Bayesian optimization uses a defined search space to sample the points evaluated in the objective function.

  • Surrogate models: Evaluating the objective function is very expensive, so in practice we only know the true value of the objective function in a few places. However, we need to know the value elsewhere. This is where surrogate models come into play, which are tools for modeling objective functions. A common choice for a surrogate model is the so-called Gaussian Processes (GP: Gaussian Processes) because of its ability to provide uncertainty estimates.

At the beginning of Bayesian optimization, the surrogate model starts with a prior function that is distributed with uniform uncertainty along the search space:

The figure shows the value of the prior function of the surrogate model. Among them, the shaded area represents the uncertainty, while the black line represents its mean, and the purple line represents the one-dimensional objective function. This image is taken from a 2020 blog post exploring Bayesian optimization by Apov Agnihotri and Nipun Batra.
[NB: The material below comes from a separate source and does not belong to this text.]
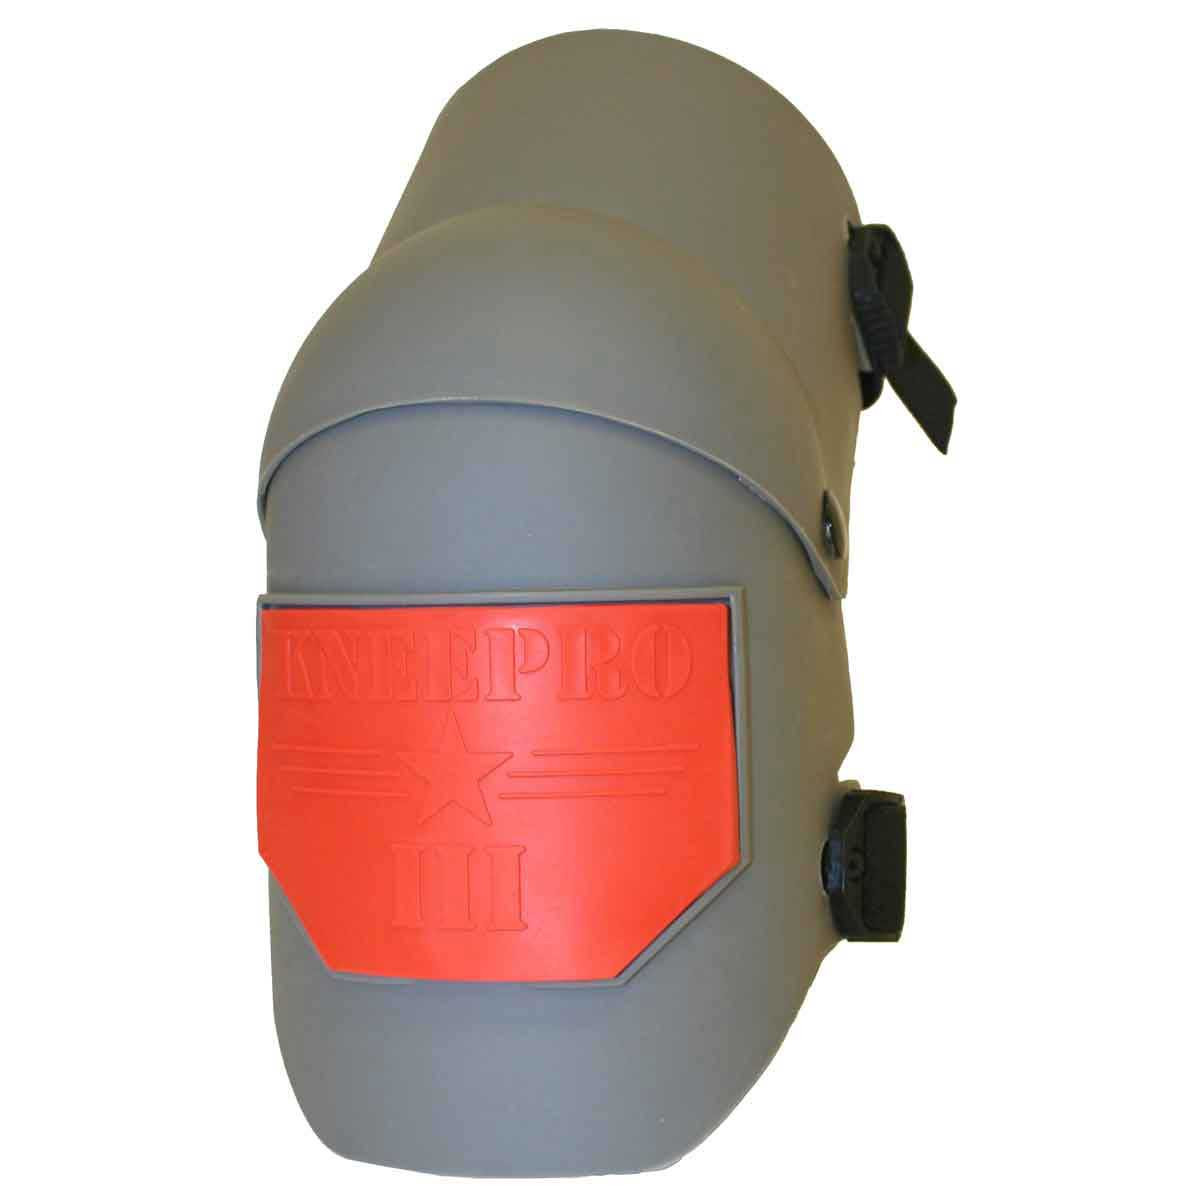 Knee Pro Ultra Flex Knee Pads

Every time a sample point in the search space is evaluated in the objective function, the uncertainty of the surrogate model at that point becomes zero. After many iterations, the surrogate model will resemble the objective function:

A surrogate model for a simple one-dimensional objective function

However, the goal of Bayesian optimization is not to model the objective function, but to find the best model hyperparameters in as few iterations as possible. For this, an acquisition function is used.

  • Acquisition function: This function was introduced in Bayesian optimization to guide the search. The acquisition function is used to evaluate whether a point needs to be evaluated based on the current surrogate model. A simple acquisition function is to sample the point where the mean of the surrogate function maximizes.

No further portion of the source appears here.